# I can't get handle off of single handle kitchen faucet



## michaelgnocchi81 (Jul 9, 2012)

Hi everyone, 

I have a leaky sprout on a Delta single handle kitchen faucet.  I removed the screw (I believe it's called an allen screw) to remove the facuet handle but it won't come off.  I don't want to tug on it because I might mess something up but am I missing something?  

Thanks for your help, 


Michael


----------



## nealtw (Jul 9, 2012)

I don't think you missed anything, it should come off and welcome to the site.
someone else may come a long with a trick for this.


[ame]http://www.youtube.com/watch?v=AipEYoYiIhc[/ame]


----------



## michaelgnocchi81 (Jul 11, 2012)

I was able to get the handle off.  I tapped the base of the handle with my screw driver and it loosened it where I could pull it off.  

I replaced all the parts with new ones and the only thing that seems off is that it's really tight in there.  I can feel some resistance when I use the handle but I don't know if that's normal because it was bad before I fixed it.  Maybe it's the rubber seats that might be too big.  I'm not sure but at least it isn't dripping.  


Michael


----------



## kok328 (Jul 11, 2012)

Silicone grease on the o-rings may have helped.


----------



## lloyd (Jul 12, 2012)

On the Delta single handled faucet, there is a plastic adjustment disc inside what the guy in the video calls the "cap assembly". It's the white part you see in the cap assembly at 7:37 (his first finger is touching it.

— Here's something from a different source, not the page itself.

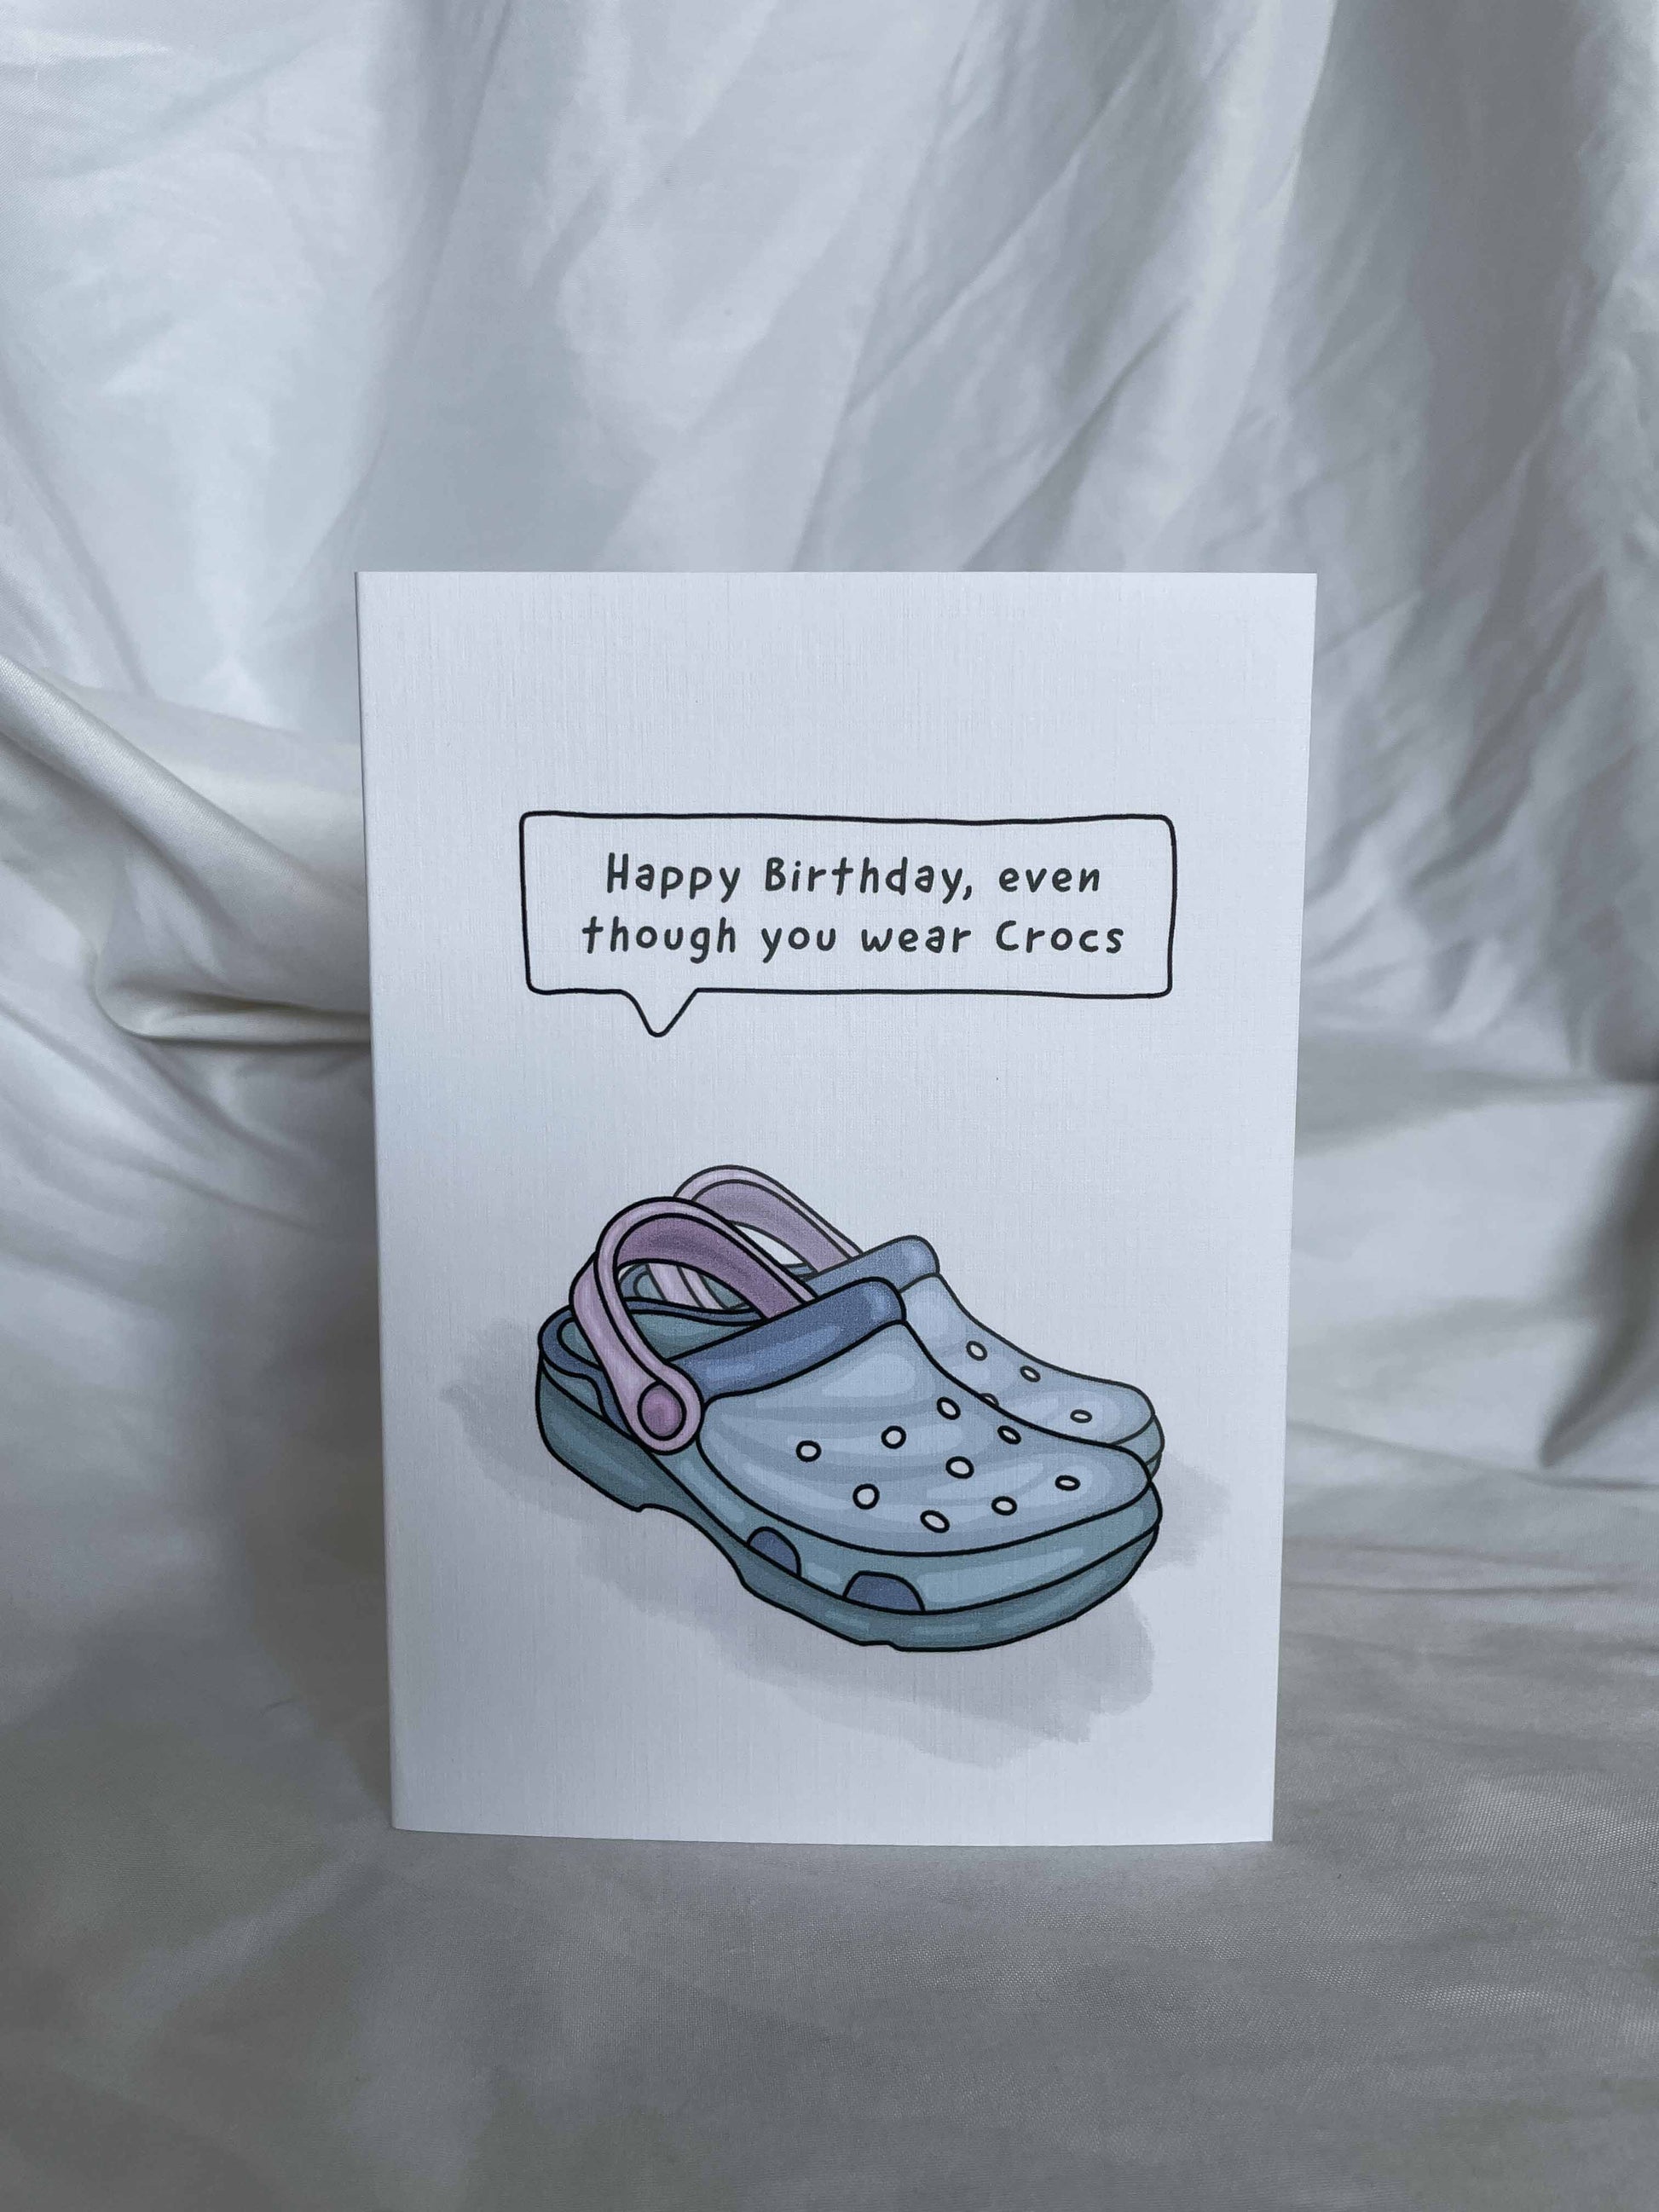 Birthday Card with Crocs Illustration | Fun Crocs-themed Greeting Card

Sometimes when you buy the replacement parts there is a little wrench included to adjust the disc. The guy in the video is holding it in his hand at 1:37 but doesn't discuss it when he is reassembling the faucet. The little tool is at the other end of the allan wrench. If you've greased everything and it's still too tight, back the adjustment disc off a tad. You might have to loosen the metal nut to do this and then re-tighten.


----------



## michaelgnocchi81 (Jul 12, 2012)

I'm sorry lloyd but I don't know what you mean by lossening the metal nut and then re-tighten.  I don't know where that is.  the plastic adjustment disc (the white part) doesn't go down like the one in the video.  I have to put pressure on it to hold it down then I screwed the cap ring on.  If it's possible, can you show me a diagram with what you suggested I do because I'm not really familar with the names of these parts.  And yes, I do have that little wrench like in the video.


----------



## lloyd (Jul 12, 2012)

Im sorry. I referred to the cap ring as the metal nut. The adjustment ring I'm talking about is at the center of the cap ring and is #3 in the picture. If you look closely at the cap ring you will notice that the thin white plastic ring in the center is threaded and slotted for the tool at the opposite end of the allan wrench. Use the tool to back out the white plastic ring, put the cap ring on and tighten it and then lastly fine tune the tension with the little spanner tool on the white ring at the center of the cap ring.


----------